GROUP LEADER: Prof. HG Patterton
Office: 2010 AJ Perold Building
PhD, University of Cape Town, 1991
Epigenomics and Bioinformatics
Eukaryotes and multicellular organisms evolved concomitant with a significant increase in genome size. This increase in genome size was facilitated by the compaction of the poly-anionic DNA molecule into repetitive structures known as nucleosomes, and the packaging of nucleosomes into the higher-order structures of chromatin. If the DNA complement of a human cell is unravelled, and the DNA from the chromosomes laid end-to-end, it will span approximately 2m. Incredibly, this length of DNA fits into a cell nucleus of approximately 10 um diameter. Although the compaction of DNA in chromatin solved the structural problem of fitting the DNA into a nucleus, it also introduced a new problem: access to the DNA molecule. In eukaryotes a complex system has evolved whereby access to the DNA molecule is regulated by ATP-dependent chromatin remodeller enzymes, reversible modifications of the core histones in the nucleosome to provide molecular landmarks as well as modulate the local structural properties of the chromatin, chemical modifications of the DNA molecule itself, and the swapping of histone isotypes of the nucleosomes depending on functional requirements of the DNA molecule. This research field, studying the role of chromatin and chromatin modifications on the genetic function of DNA, is the field of epigenetics, and, when performed on a genome-wide scale, epigenomics. The epigenome is the interface by which DNA function is regulated.
The analyses of epigenomic data often requires significant computation resources, and research questions often need the development of new bioinformatics methods and tools. This includes tools for generic analyses such as the processing of ChIP-seq data, or require the development and coding of novel programs, dependent on specific research questions. A significant proportion of epigenomics research therefore involves bioinformatics and bioinformatics research.
Some current projects in the Patterton, group:
Epigenomic landscape of Trypanosoma brucei
T. brucei is an unicellular eukaryote of the Excavata supergroup that diverged from the Amorphea supergroup, containing animals, fungi and amoebozoa, some 2 billion years ago. T. brucei is a dixenous parasite that is transmitted to humans by a Tsetse fly during a blood meal, and causes human African trypanosomiasis. We studied the epigenome of T. brucei in its human (BF) and insect (PF) life cycle stages by mapping genome-wide nucleosome positions by MNase-seq, and identified surprizing differences in the nucleosomal organization in polymerase II initiation regions compared to that of members of the Amorphea supergroup. We have also identified novel modification patterns on the N-terminal tail of histone H3 by LC-MS/MS, and mapped the genomic distribution of the modifications in the genome of T. brucei by ChIP-seq. This project gave a comprehensive insight into the epigenome of BF and PF stage T. brucei, and the degree by which the epigenome regulated the passage of the parasite between the two hosts.

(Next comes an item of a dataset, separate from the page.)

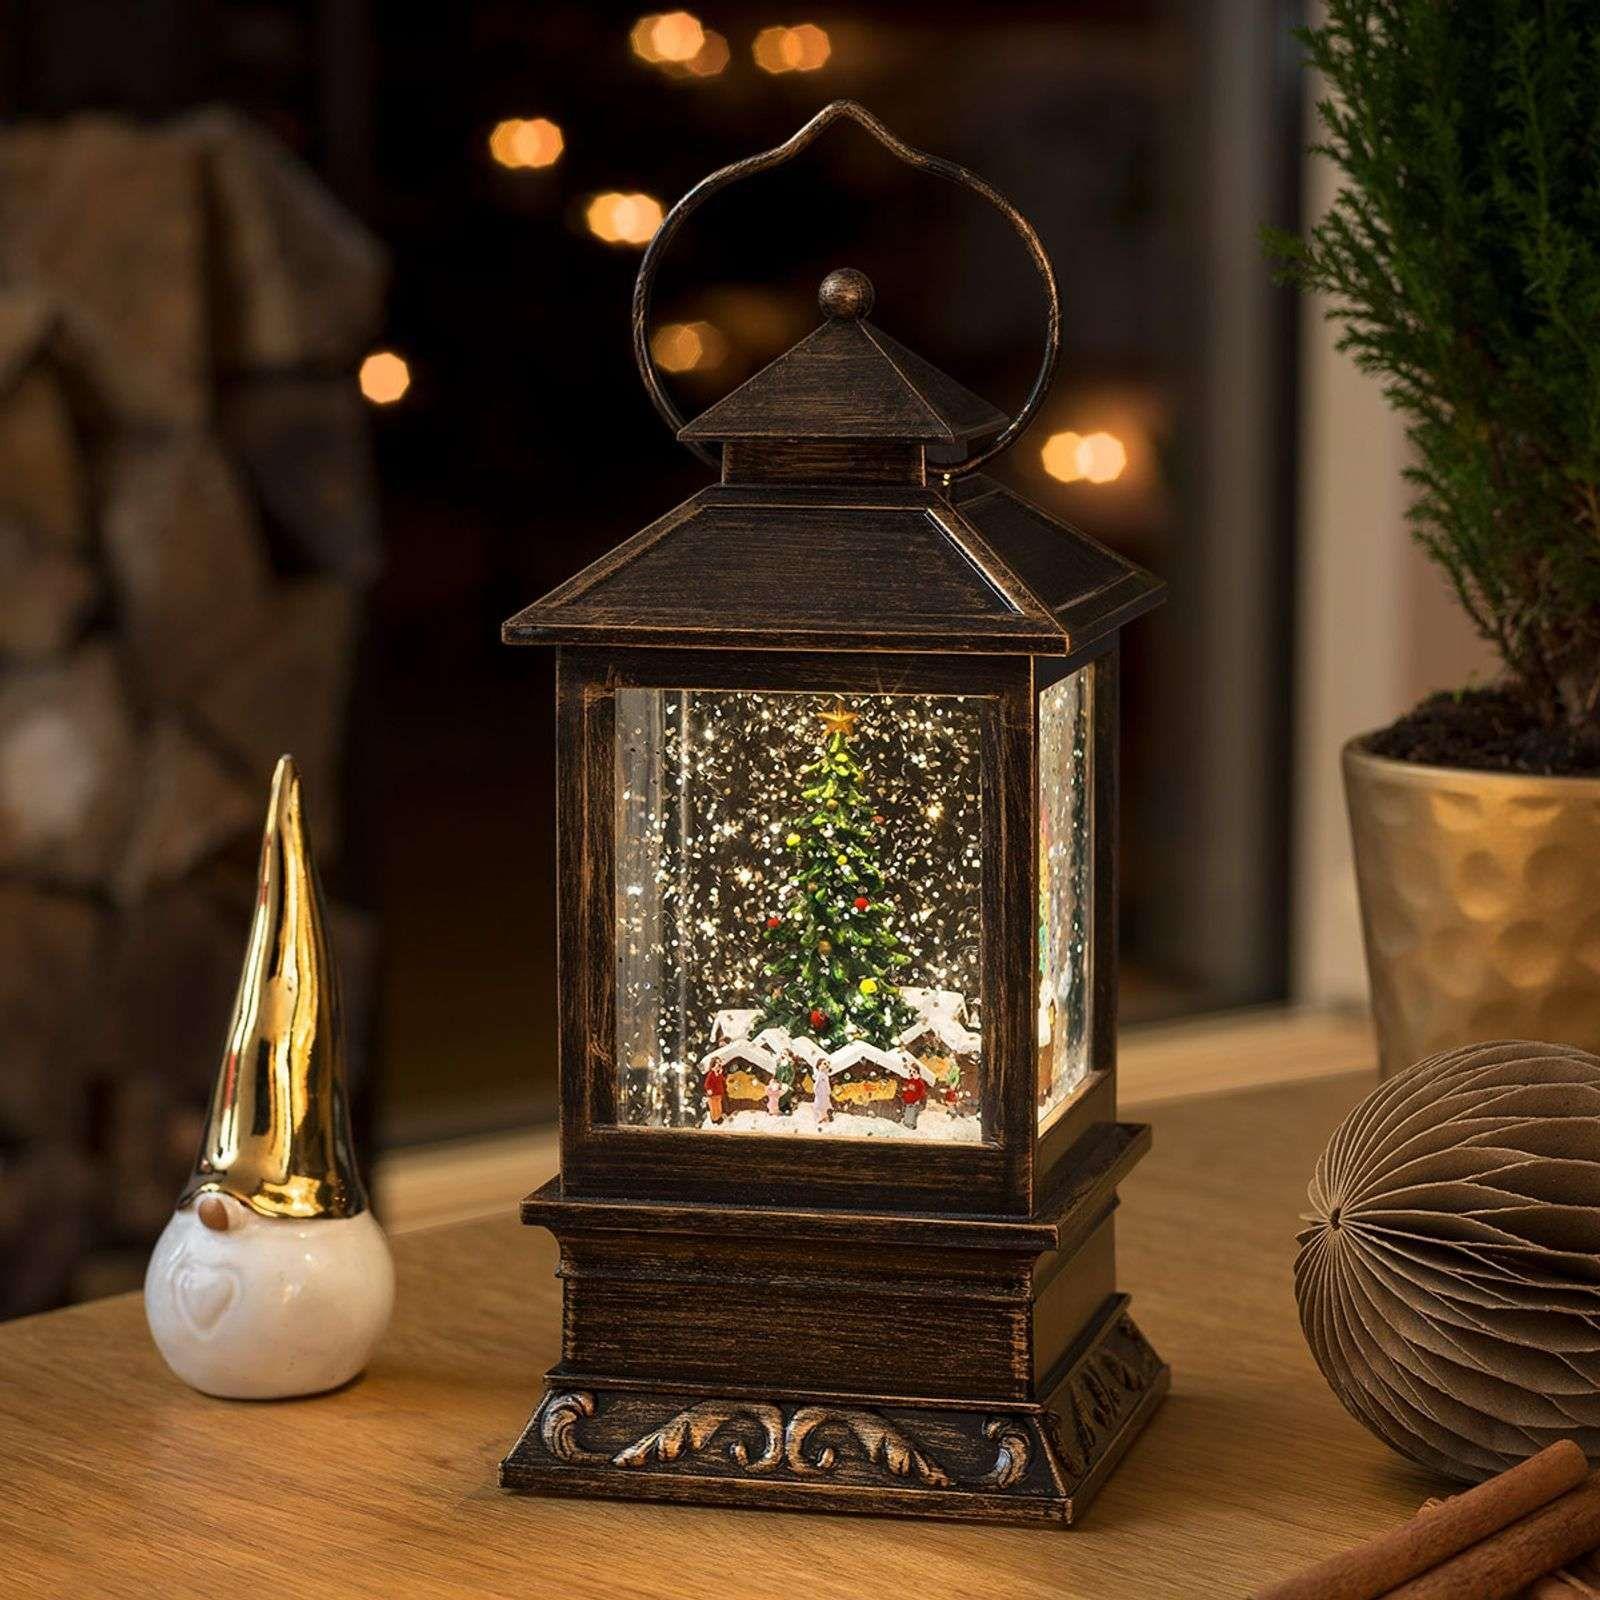 Lanterne à neige marché de Noël LED remplie d'eau de Konstmide CHRISTMAS #marchédenoel Lanterne à neige marché de Noël LED remplie d'eau de Konstmide CHRISTMAS #marchédenoel

Role of the epigenome in lifespan
Calorific restriction has been shown to extend chronological lifespan in numerous model organisms. Many effectors of lifespan extension also exert their effect through the sirtuins, orthologs to S. cerevisiae Sir2, a NADH-dependent histone deactylase. We were interested in studying the role of the epigenome in chronological lifespan in S. cerevisiae, and quantitated, by barcode sequencing, the survival rate of all non-essential histone mutants in a batch mixed culture. We identified many epigenetic modification mimics associated with extended as well as shortened lifespans. The residues associated with extended lifespans were situated on the side surface of the nucleosome, implicated in Sir3 binding, a protein associated with the formation of transcriptionally repressive heterochromatin at telomeres and elsewhere. We performed an RNA-seq analysis of the various long living histone mutants, and identified two main transcriptomic pathways involved in lifespan extension. We also performed an iTRAQ quantitation of the proteome by LC-MS/MS and identified proteins involved in longevity.

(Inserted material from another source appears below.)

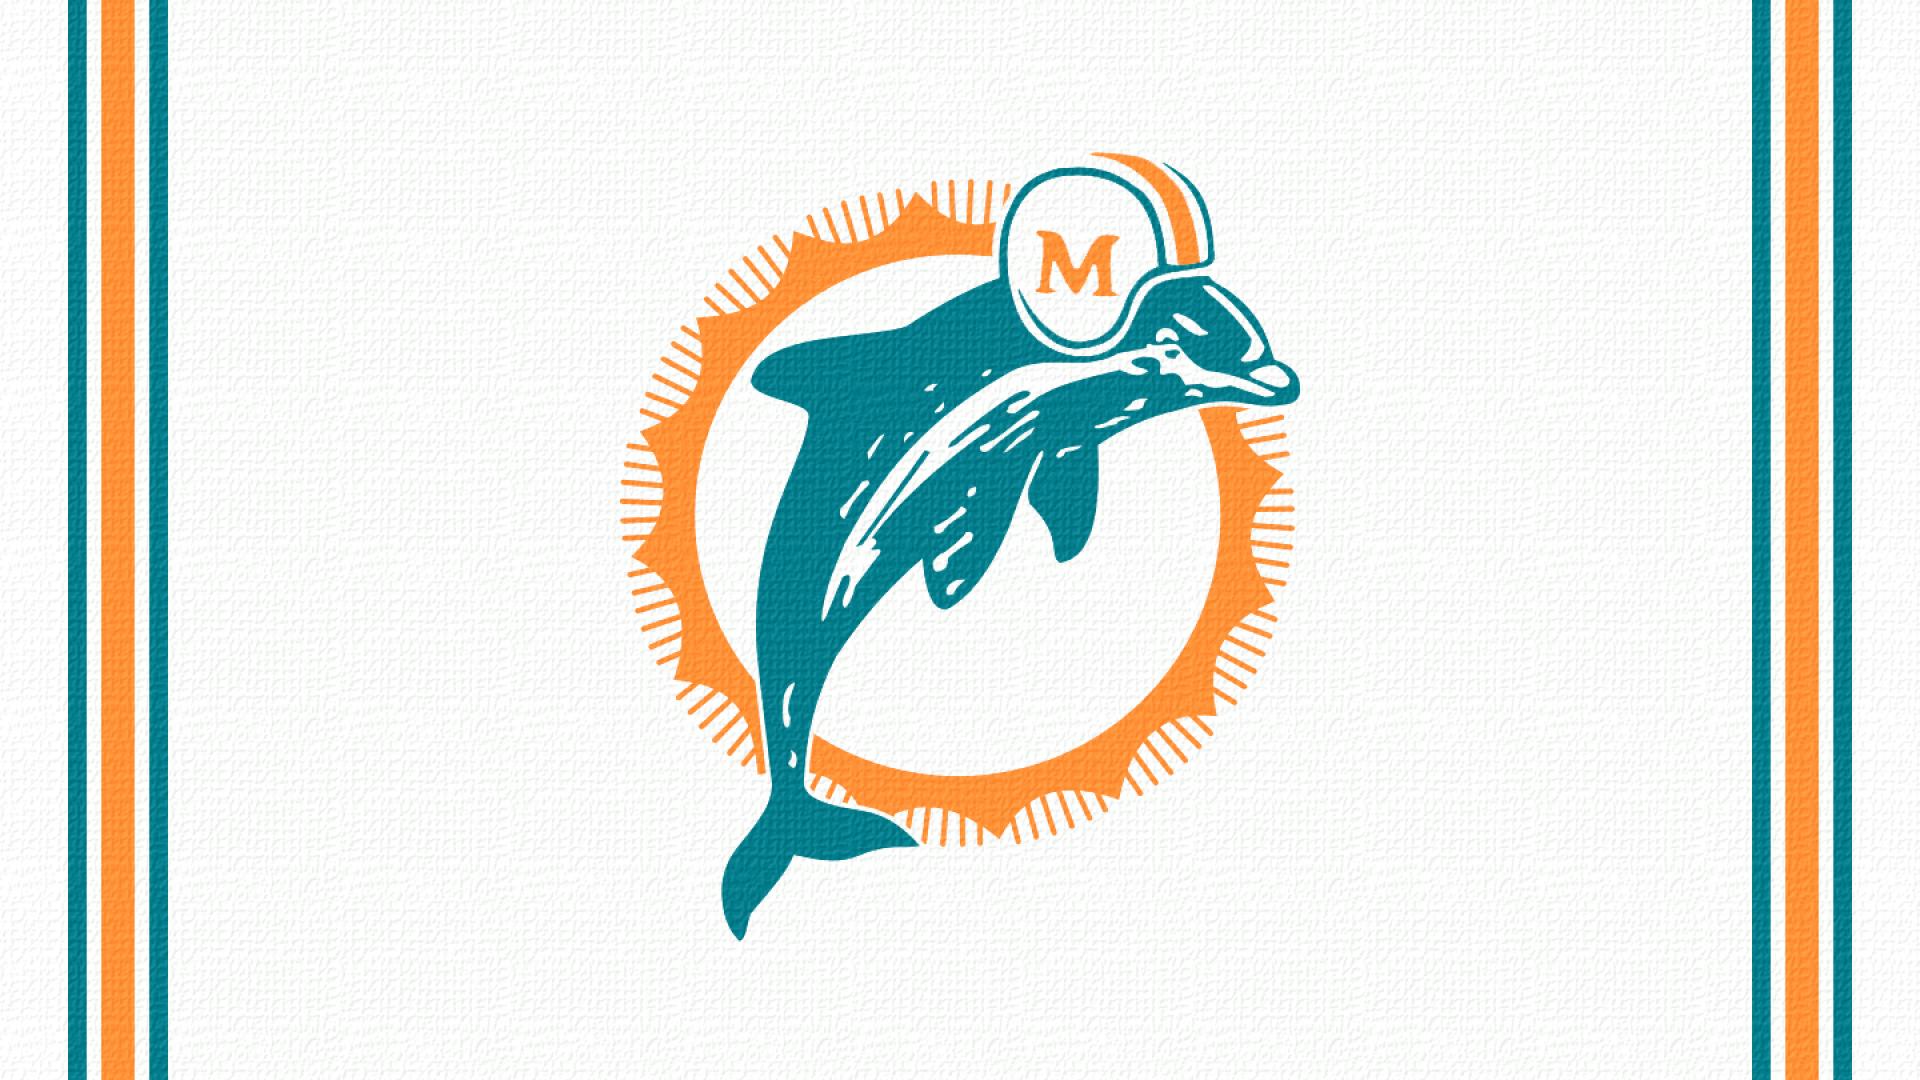 miami dolphins 2015 wallpaper - photo #9

NucPos is a suite of C++ programs developed for the analysis of genome-wide nucleosome positions. The individual programs include NucFrag, which generates a text datafile of the number of co-aligned nucleosome dyads at each sequence position in the genome from the mapped SAM/BAM files produced by Bowtie2. Programs to convert the dyad data to enclosed bases (electronic "footprints"), incorporated sequence preference analyses, and Fourier amplitude of dinucleotide distributions are part of the suite.
Transcriptomic studies that we performed in S. cerevisiae suggested that some genes that were adjacent or physically close in the genome, were co-regulated. We therefore developed a program Pyxis to identify statistically significant clusters of co-regulated genes. We showed that some proteins involved in repression acted in extended domains, and that clusters of genes became activated during exit of stationary phase.
The group is currently involved in several homology modelling, genome assembly and SNP calling projects, as well as the migration of C++ programs to the Galaxy platform, and the development of new bioinformatics programs.